As U.S. stock markets have reached all-time highs some people are pointing the finger at exchange-traded funds, arguing that ETFs have caused this run-up because they have become so popular so quickly, and in the process have created a bubble waiting to burst.

It is tempting to believe these bubble fears are true. After all, the growth of ETF assets under management has averaged almost 20 percent annually during the past 10 years. That’s spectacular growth, so it’s no surprise that recent headlines are warning investors to watch out for the trillion-dollar stock bubble being caused by ETFs and index funds.
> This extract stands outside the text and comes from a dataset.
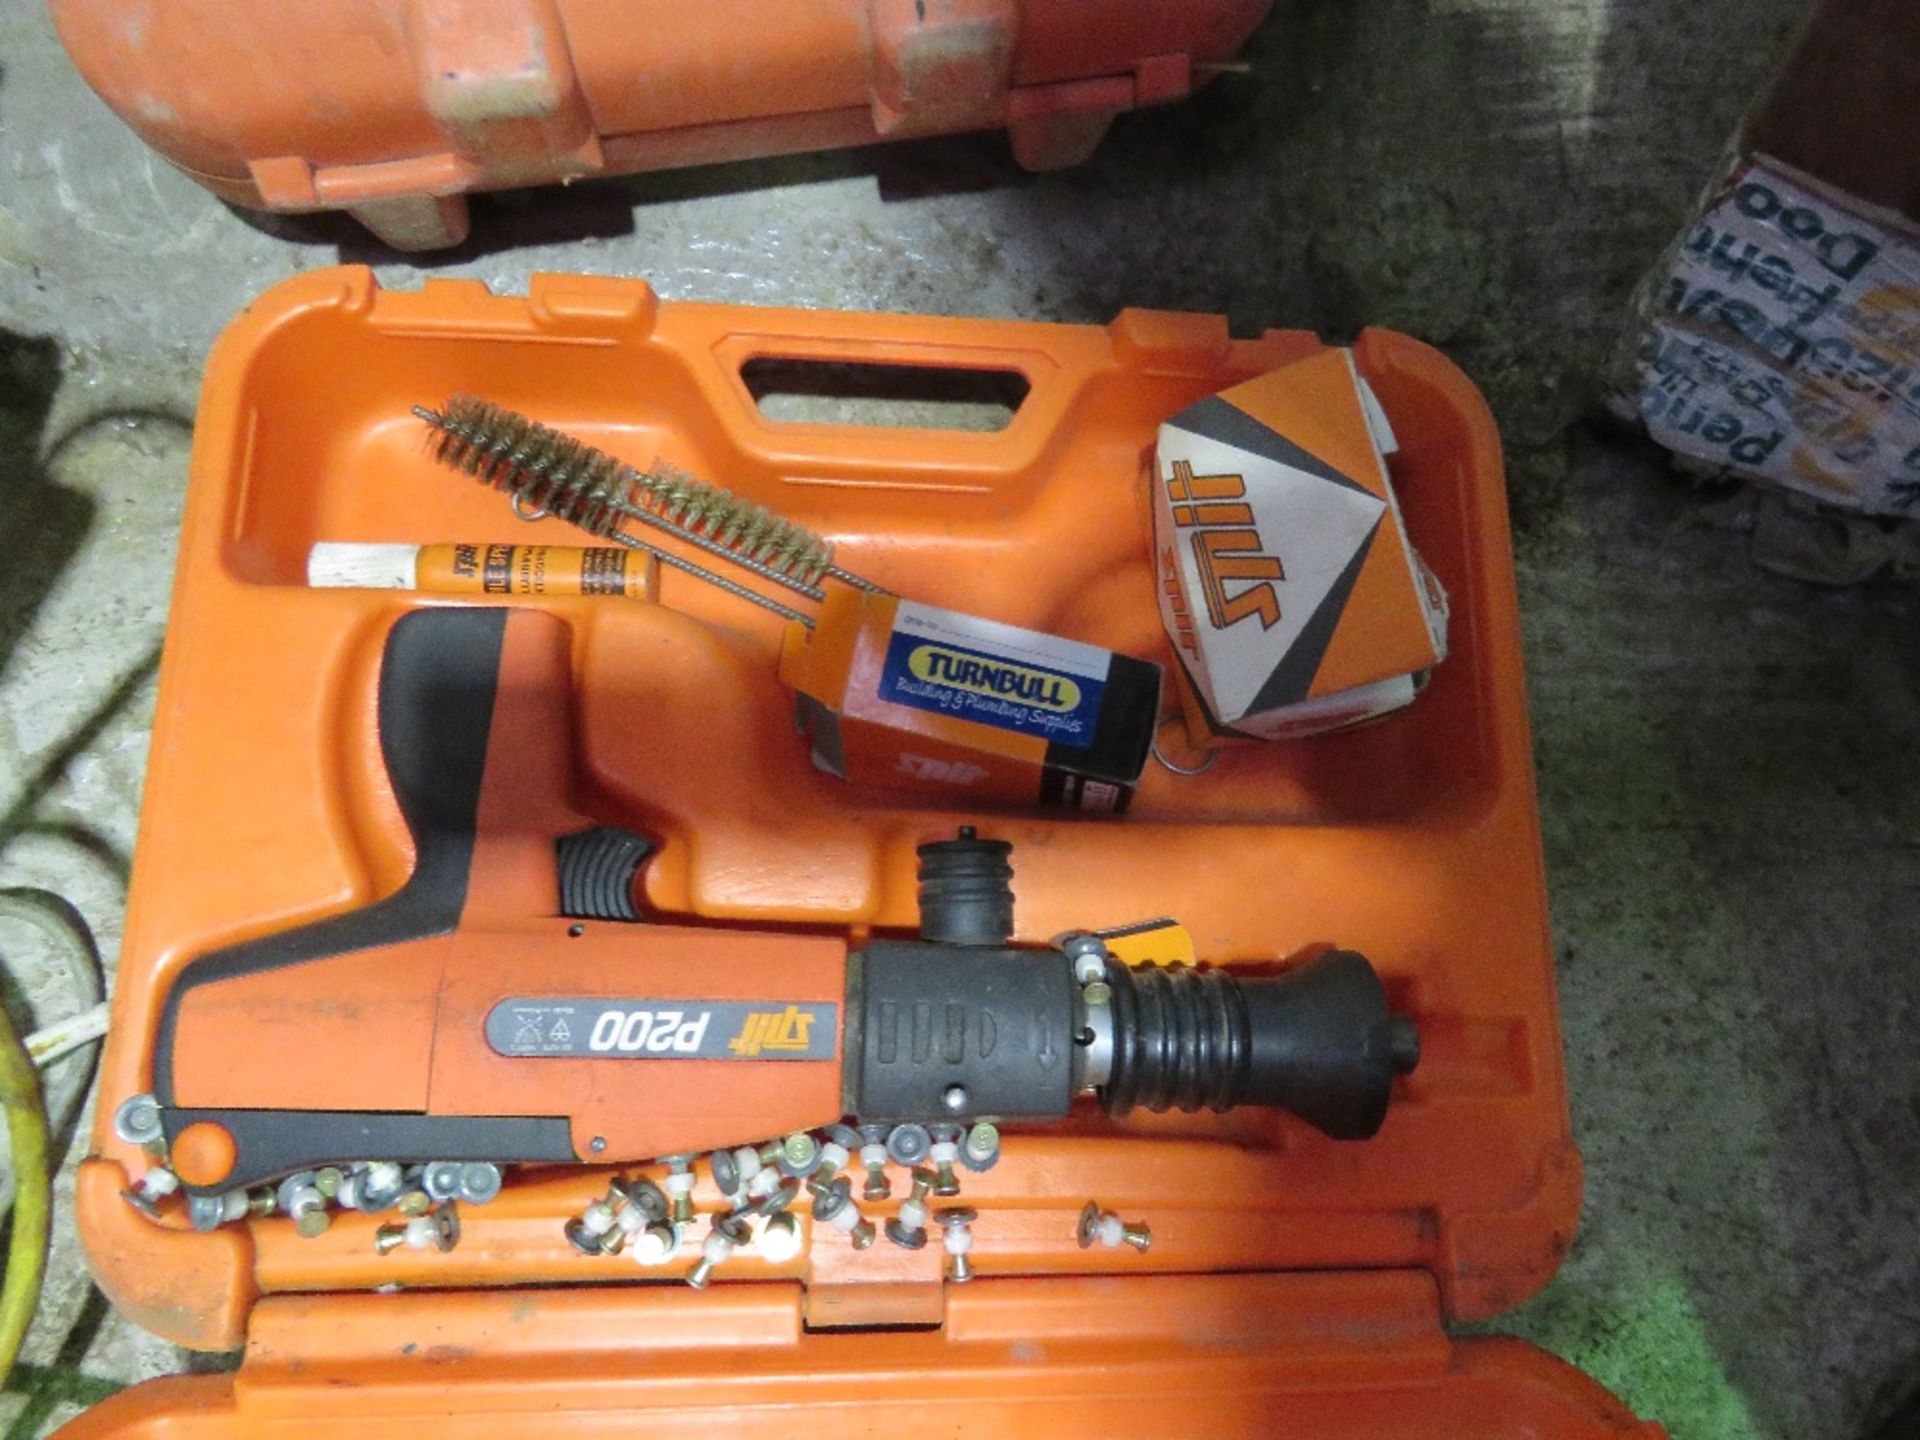 SPIT 200 NAIL GUN IN A CASE DIRECT FROM LOCAL COMPANY DUE TO DEPOT CLOSURE.

So is there a bubble, and is that bubble being caused by ETFs?

Well, no—and yes. What we found is that there really isn’t an immediate, massive and dangerous bubble in the way suggested by the headlines. But bubbles might be forming in some less-liquid areas of the market.

Quantifying Ownership

We set out to find answers to this bubble question with hard data using “ownership software” we created at Toroso that measures whether ETFs are affecting valuations of individual stocks.

Our software takes the 500 ETFs focused on U.S. equities and compares them to all U.S. equities—essentially, the Russell 3000 Index. It tells us that right now, on average, ETFs own about 6.29 percent of the market value of every stock.

Again, that’s an average. Some stocks will have higher ETF ownership, meaning ETFs are more likely to affect valuations of underlying stocks, and some are going to have lower-than-average ETF ownership, meaning ETFs are less likely to affect valuations.

But that average is growing. The first time we used our software five years ago, ETFs owned an average of 2.67 percent of the market value of every stock, which makes concerns about the formation of a possible bubble more tangible. So, we looked more closely.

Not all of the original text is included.